◆ Study material
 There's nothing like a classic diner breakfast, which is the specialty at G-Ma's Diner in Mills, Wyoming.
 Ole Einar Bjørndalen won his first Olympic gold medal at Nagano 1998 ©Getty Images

...

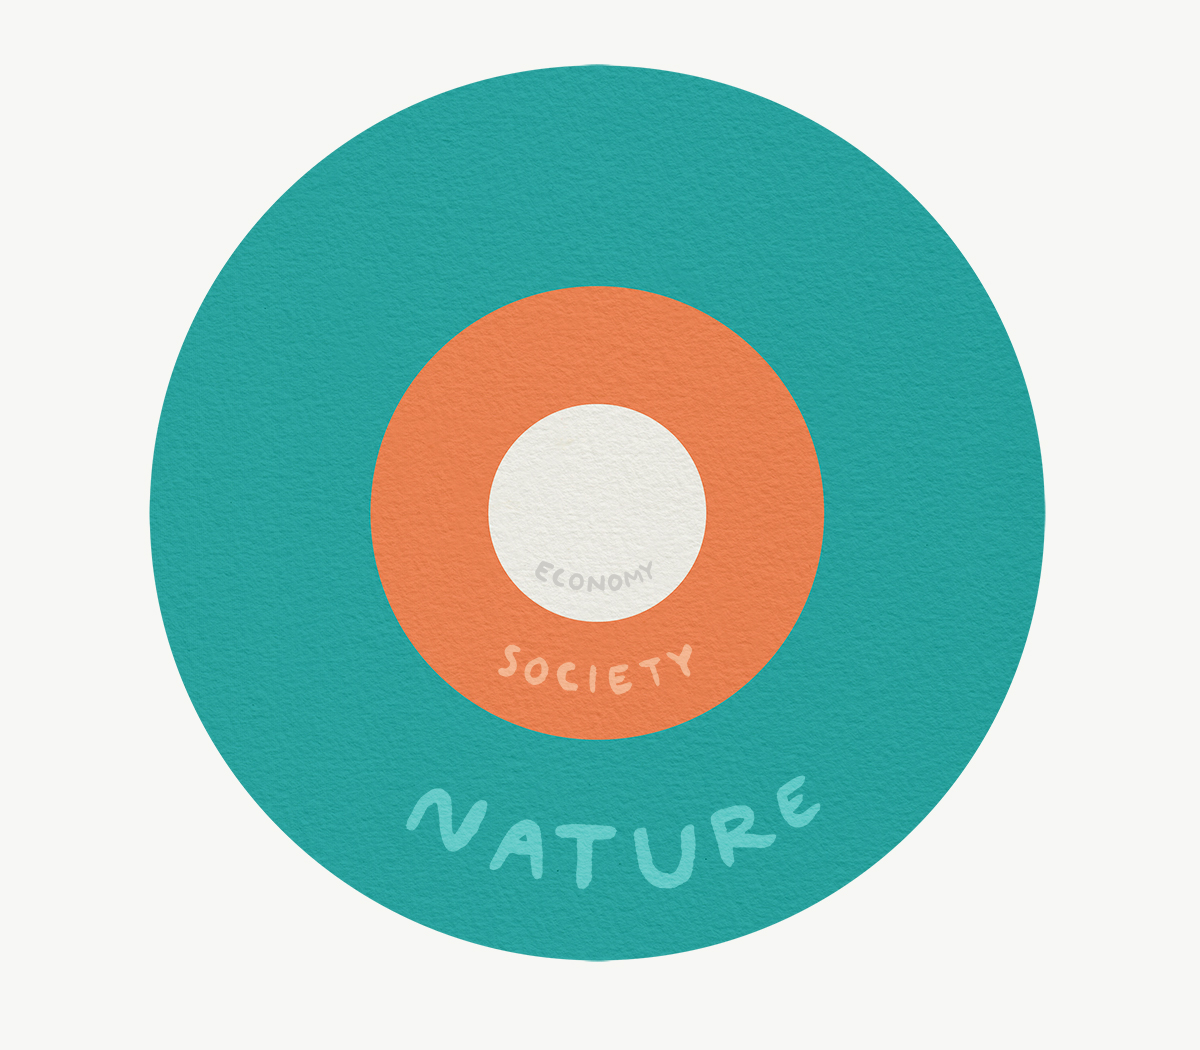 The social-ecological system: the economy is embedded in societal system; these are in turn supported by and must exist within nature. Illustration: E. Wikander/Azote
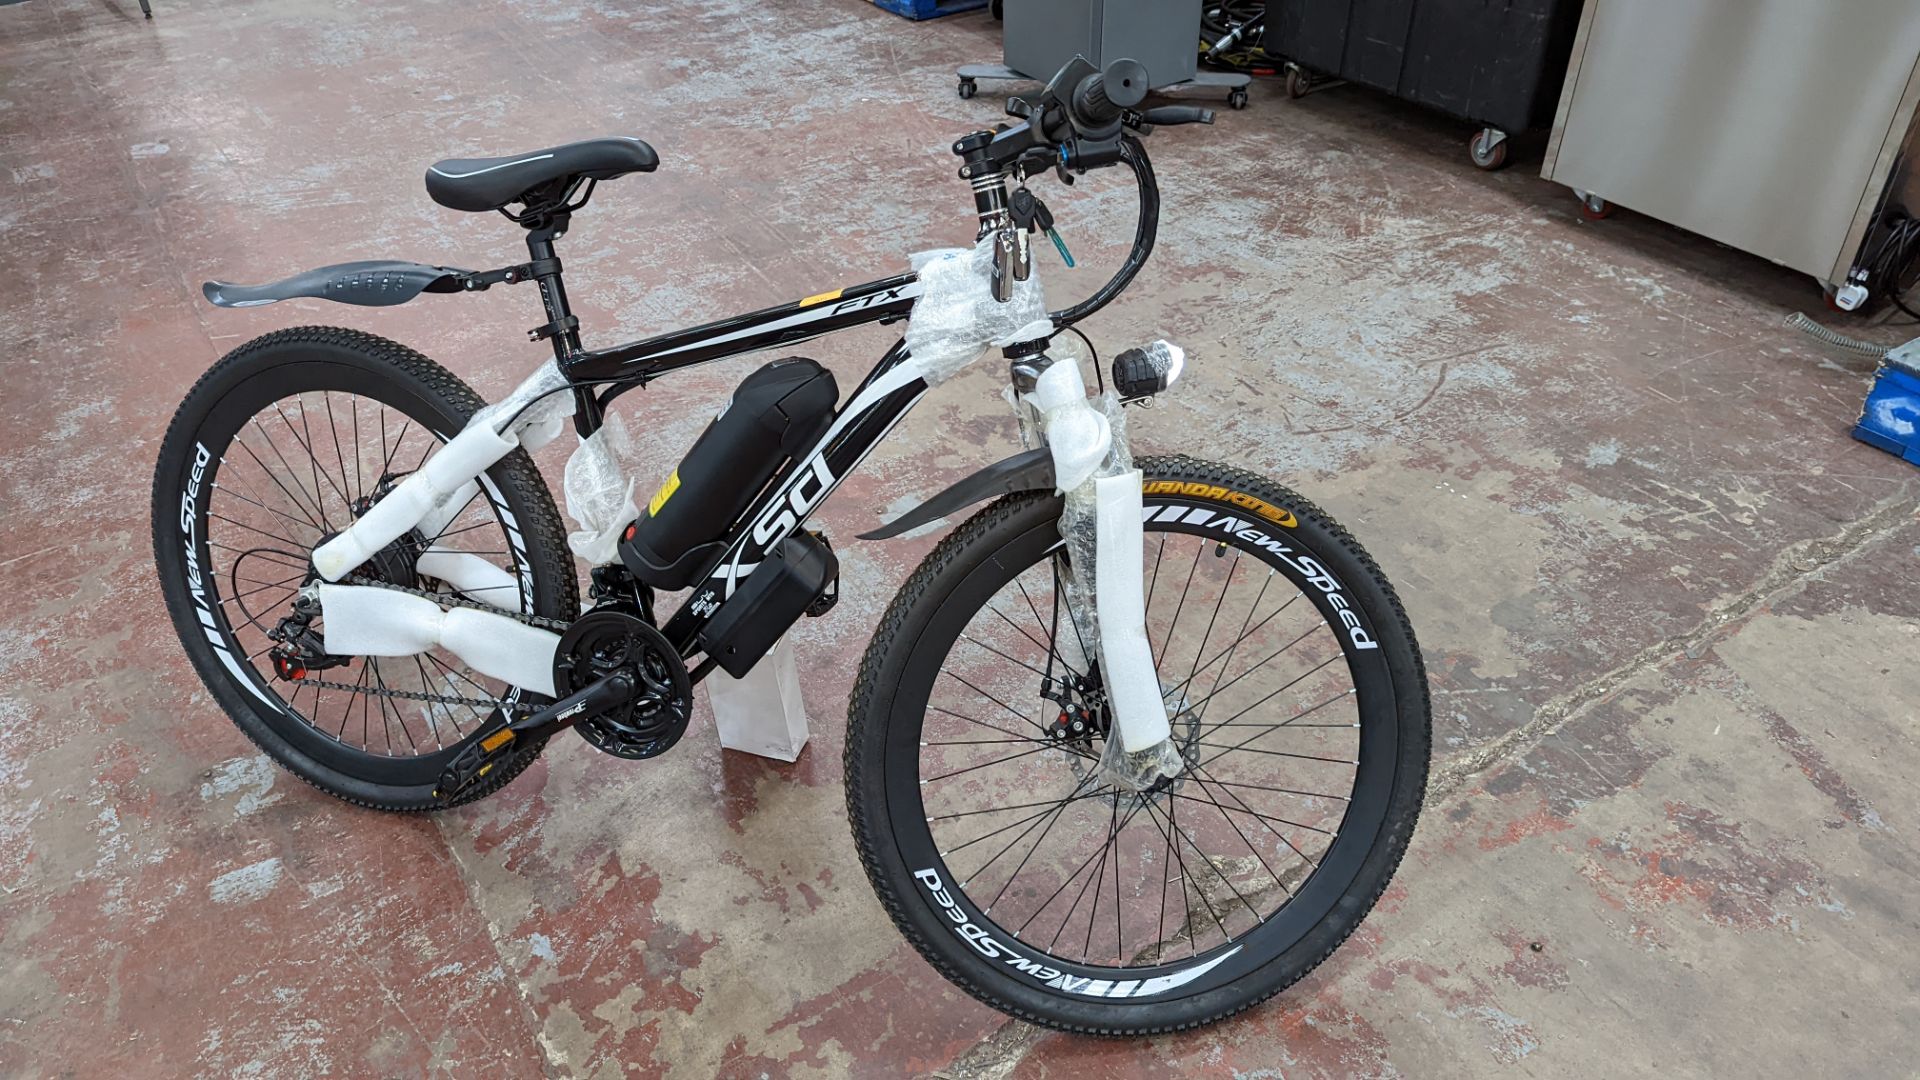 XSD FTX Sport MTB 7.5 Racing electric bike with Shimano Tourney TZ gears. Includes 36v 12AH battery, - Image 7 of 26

...

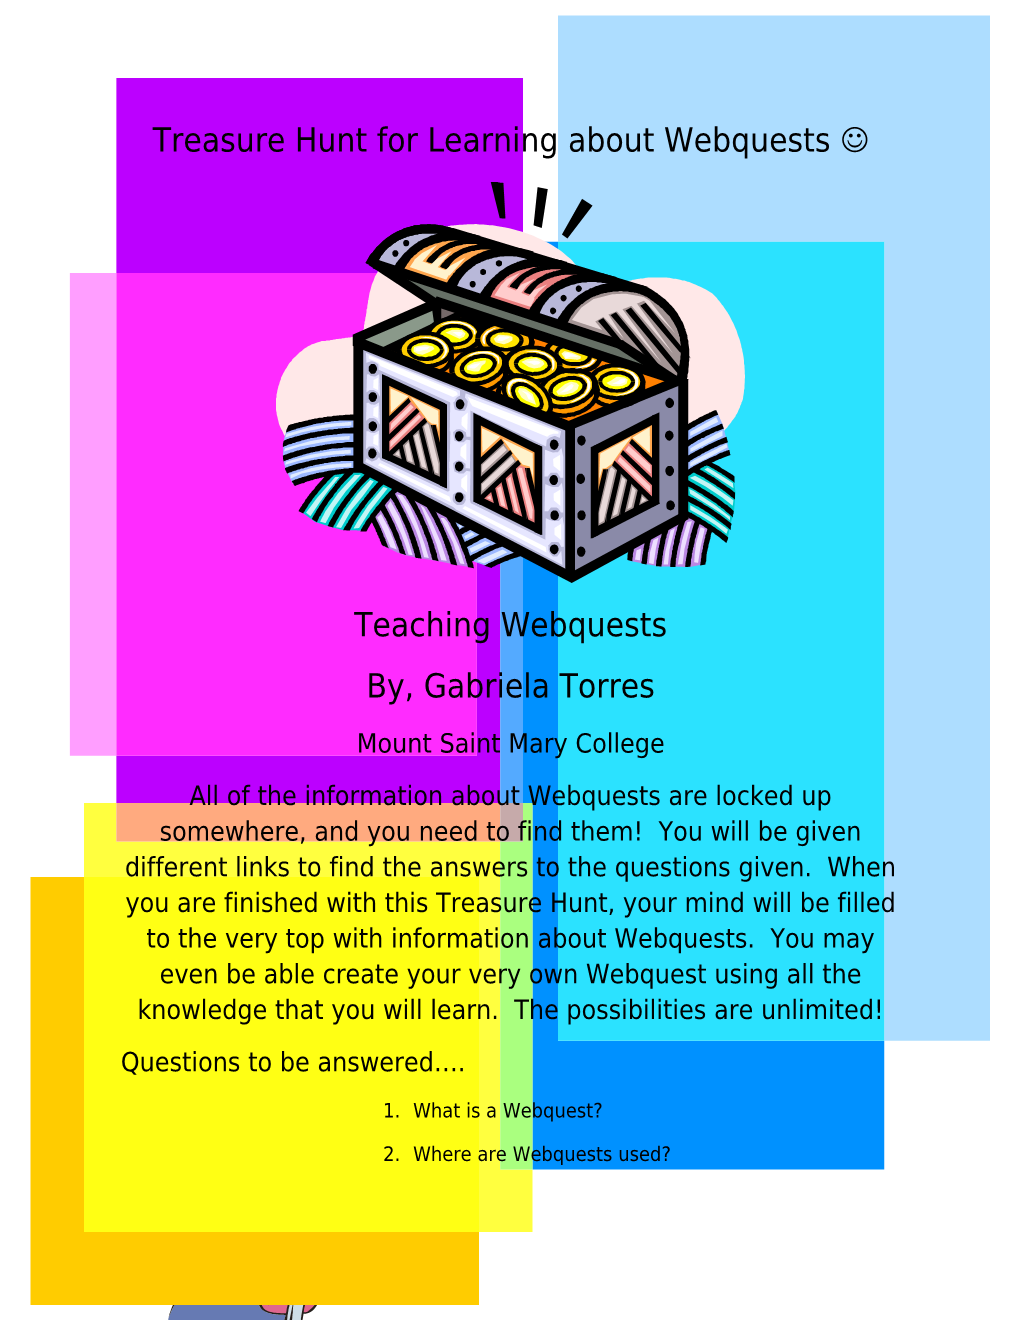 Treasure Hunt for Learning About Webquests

◆ Try it
Give back, exactly and without pictures, the stretch of the records above from the line containing "The social-ecological system: the" through the line containing "XSD FTX Sport", with both end lines included.

◆ Task answer
 The social-ecological system: the economy is embedded in societal system; these are in turn supported by and must exist within nature. Illustration: E. Wikander/Azote
 XSD FTX Sport MTB 7.5 Racing electric bike with Shimano Tourney TZ gears. Includes 36v 12AH battery, - Image 7 of 26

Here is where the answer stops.